The INTERNATIONAL FORUM KIT was first published in 1988, based on a lesson that I developed a few years before that. On an impulse one day in class, I grabbed some 3x5 cards and wrote the names of some countries. I gave one to the first person in each row; everyone in that row was to pretend to be from that country.
These were in my prehistoric, caveman (politically correct--cave-person) days of "Building Artificial Reality" lessons. Wow! Have we come a LONG way since then!
My so-called “plan” was to give context for practicing the verb HABLAR, by having each row say one line in the language of that country. Then we would practice, "Somos de Italia. Hablamos italiano. Ellos son de Inglaterra. Hablan inglés." I had each group say one line of the language of their country, so they really would be “speaking” the language. Then something was said about food, so we added COMER to the lesson and put a list of typical foods on the board. Someone mentioned the capital, so we added VIVIR and listed the capitals on the board. Then it just blossomed into the full-grown lesson. Spontaneous teaching? No way! Yes, way. And it worked. Complete with a chart that indicates several activities that one does in these different countries, and worksheets to practice many forms of the verbs in context. Many teachers have added more activities.

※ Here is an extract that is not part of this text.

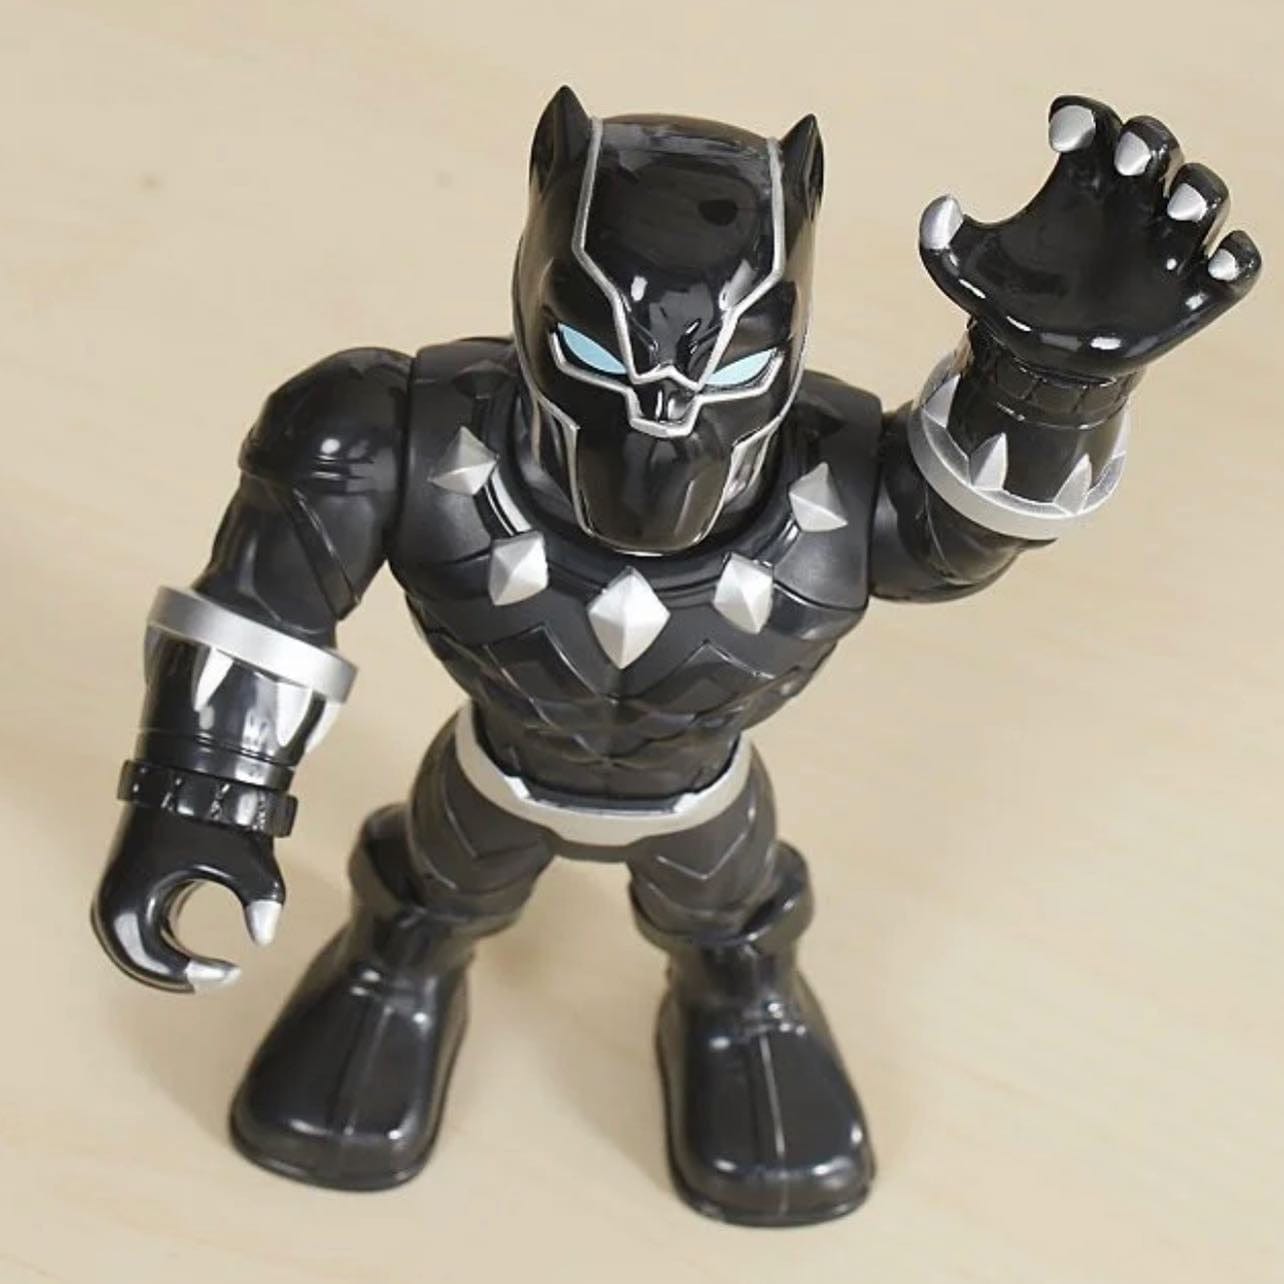 Playskool Heroes Marvel Super Hero Adventures Mega Mighties Black Panther

I chose countries whose names, nationalities and languages were all similar. Example: Country: Francia Nationality: francés(a/es/as) Language: francés.
I wanted each group to speak a different language, so I could not use all Spanish-speaking countries.
Many of the same basic ideas weave their ways through all of my materials in one form or another. I am quoting here from our original workshop handout, written by Carol Ross Stacy, in order to explain the basic rationale behind the INTERNATIONAL FORUM and all Color Connection materials and lessons.
"The common thread which unites most modern foreign language methodologies and techniques is that they all try to discover, distill and imitate the patterns of first-language acquisition and apply them in second-language acquisition. While most language educators agree, in theory, that this is the ideal way, we understand that the total REALITY of early childhood linguistic experiences cannot be reproduced within the limitations of the classroom setting. So what are we to do? BUILD ARTIFICIAL REALITIES by creating an environment via materials and activities which efficiently reproduce the ESSENCE of first-language acquisition. Some aspects of first-language acquisition that can be transferred to second-language acquisition, are:
•language is used to talk about a concrete reality, the here-and-now
(unlike TPRS and the creative stories that are about OTHER
people in OTHER places and OTHER times)
•comprehension precedes oral production
•comprehension is indicated by actions or “safe” utterances
•language production is the logical outcome of the situation
Many communication-based activities are used to practice or apply previously ‘learned’ lexical and grammatical concepts. In B-A-R activities, communication is not merely a follow-up activity; it is the VEHICLE by which the initial learning takes place."
Before going on with the initial International Forum lesson, you should be aware of one more important idea presented in the B-A-R workshop. Again Carol Stacy writes,
"Contrary to popular beliefs in education, the students need NOT know what our true lexical/grammatical objectives are. As in first language acquisition, the student's focus should be on the content of the lesson. The teacher, however, has a Dual Agenda:
(1) content, which is the students' focus and
(2) the underlying grammatical or lexical goal which is supported by the content.
A student can have only one focus at a time. While he is focusing on the content, the structure slips in the unguarded back door of the brain." Our initial goal with this lesson is to teach (not just practice) the pronouns, the forms of SER, that verbs have “forms” to match the subjects. The students think we are learning the names of the countries, what the people say and do in those countries, what their flag is like and numerous other bits of information.
AS IF THIS WERE NOT BORING ENOUGH, A VERY LONG, DETAILED EXPLANATION WILL COME WITH THE DOWNLOAD.
HORIZONTAL versus VERTICAL VERBS
Rather than teaching all forms of ONE verb (vertical verbs) try teaching all the SAME form of several verbs (horizontal).
For example: I demonstrate a lesson that introduces TENER IR ESTAR along with recycling and practicing SER.
IMPOSSIBLE! Heresy! Blasphemy! You can't do that!
Oh, but I can! And I did! And more importantly, YOU CAN TOO!
THIS IS ALSO INCLUDED IN THE LONG EXPLANATION.
A student once told me, "You are so sneaky. By the time we have to learn something, we already know it." Smart kid, good observation.